Clipper ESA Orbiter (CLEO) and Clipper ESA Penetrator (CLEP)

ESA's Concurrent Design Facility (CDF) has completed studies of the Clipper ESA Orbiter (CLEO) and Clipper ESA Penetrator (CLEP). The purpose of these studies is to support the European science community in defining a potential mission of opportunity (for example, as a junior partner of NASA's Europa mission) to investigate Jupiter and its moons in the frame of future Cosmic Vision calls.

A brief outline of the CLEO and CLEP concepts is given below. Further details can be found in the CDF study reports for CLEO and CLEP.

Contents of this page

Mission justification
Science objectives
Mission requirements
Study results - CLEO
Study results - CLEP


Following the successful Galileo mission — the only mission to date to have orbited Jupiter — a series of missions towards the Jovian system are currently in development: NASA's JUNO (en route to Jupiter), NASA's Europa Mission (formerly known as Clipper and currently in phase A), and ESA's JUICE (now in phase B, with launch planned for 2022). While JUNO will focus on the Jupiter system, NASA's Europa mission will be dedicated to the eponymous moon, and JUICE will mostly focus on the moon Ganymede. As a potential piggyback contribution to NASA's Europa mission, a flyby mission dedicated to the moon Io or a surface package (penetrator) on Europa would offer a perfect complement to the other Jovian missions.

Following an ESA-NASA bilateral agreement, a mutual interest has been expressed for a contribution of ESA, as a junior partner, to NASA's Europa mission. This contribution, if found to be scientifically meaningful and affordable, could become a proposal to the ESA Cosmic Vision science programme. The ESA contribution could take one of several forms: a 250 kg spacecraft attached to NASA’s orbiter during launch and interplanetary transfer and released after the Jupiter Orbit Insertion (JOI) for close-up investigation of Io or Europa, with in-situ science, either environmental (a small orbiter performing Io (CLEO/I) or Europa (CLEO/E) flybys, possibly through plumes), or close sub-surface science (Europa penetrator (CLEP) and its carrier).
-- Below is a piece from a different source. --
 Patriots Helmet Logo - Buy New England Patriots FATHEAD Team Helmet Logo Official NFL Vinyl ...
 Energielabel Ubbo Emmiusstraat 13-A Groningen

Following a preliminary assessment within the Solar System and Robotic Exploration Missions section of the Future Missions Office, including iterations with the Science Support Team - a small group of experts in the science disciplines covered by the mission, led by the study scientist - three possible mission concepts for an ESA contribution to NASA's Europa mission were considered:

  • Concept 1: a minisat concept, with investigations during Io flybys; this is called CLEO/I
  • Concept 2: a minisat concept, with investigations during Europa flybys; this is called CLEO/E
  • Concept 3: Europa penetrator concept, with high velocity impact on Europa and subsurface investigation (including a habitability package); this is called CLEP

(Note that in this context minisat refers to small satellites in the mass range 100-500 kg.)
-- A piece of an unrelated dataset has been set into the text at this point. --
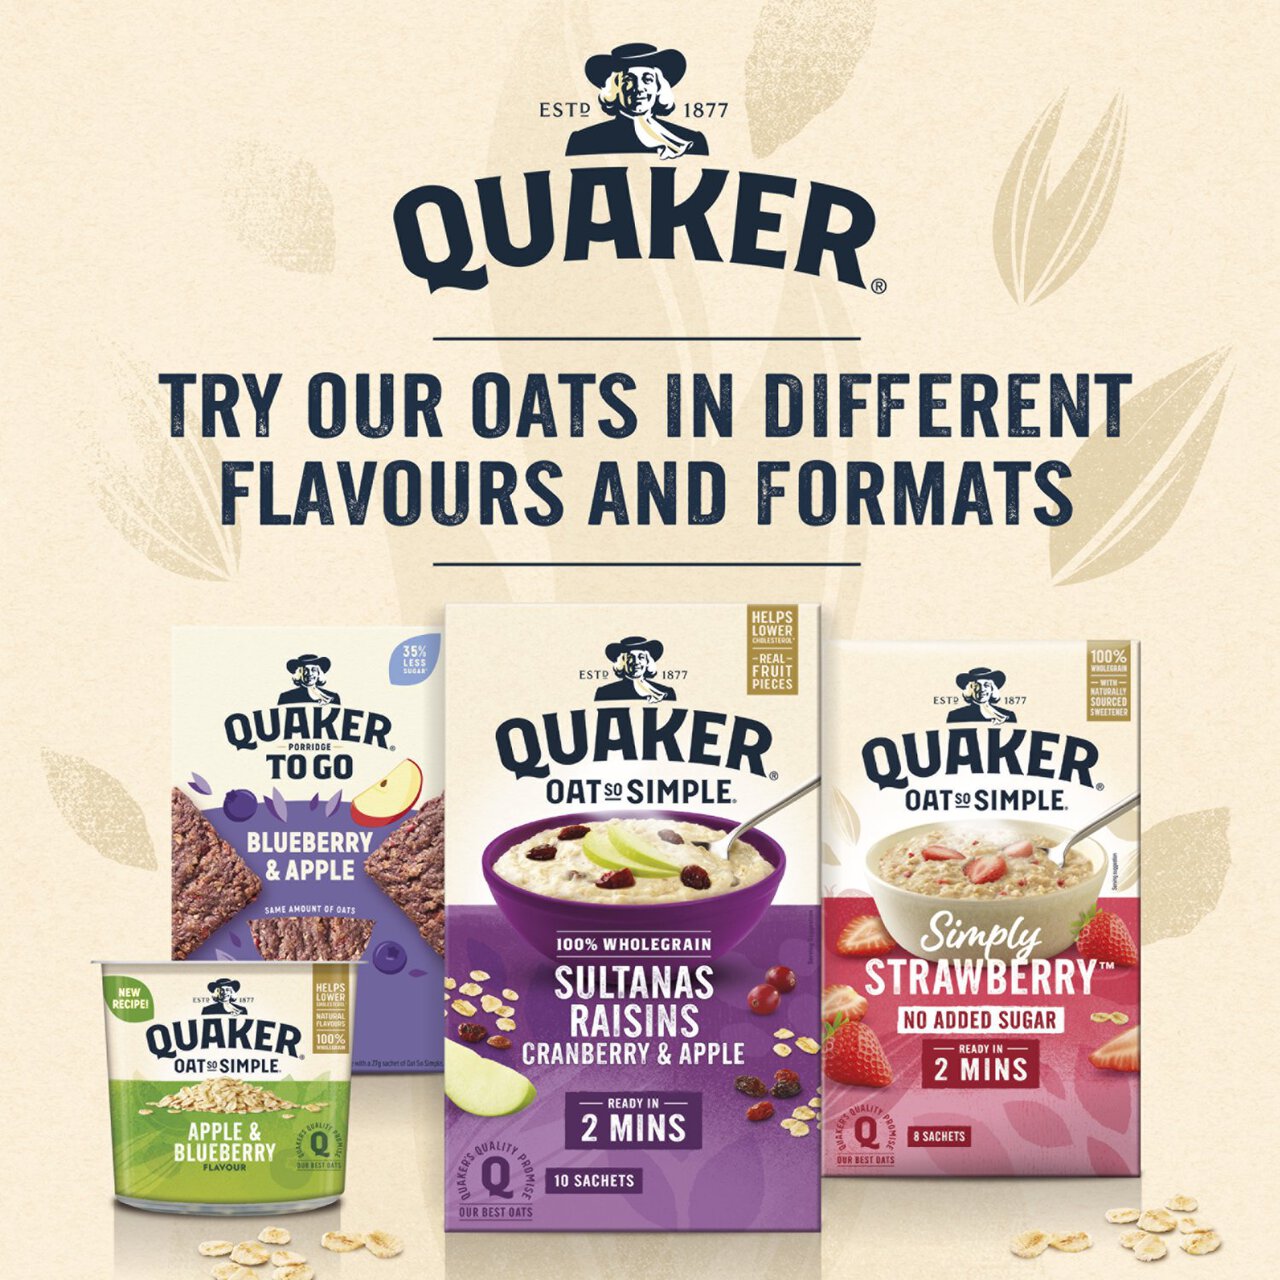 Quaker Oat So Simple Apple & Blueberry Porridge Sachets Cereal 10 per pack

Other concepts such as a Europa orbiter and a Europa lander, although scientifically meaningful, were not considered feasible within the allocated mass envelope of 250 kg, and as a consequence were not studied further.


CLipper ESA Orbiter (CLEO)

During the first sessions of the study the baseline mission design for the minisat concept converged towards the Jupiter moon Io. This moon has not yet been explored by close remote exploration nor atmospheric in-situ measurements. The main science case related to Europa (that is not covered by NASA's mission) was the possibility of exploring the plumes of Europa, but this physical phenomenon is still to be confirmed. The baseline minisat concept design is referred to as CLEO-I.

Baseline: Io Flyby Mission (CLEO/I)

To complement NASA's Europa mission and ESA's JUICE science goals, focusing respectively on Europa and Ganymede, CLEO/I would study the moon Io.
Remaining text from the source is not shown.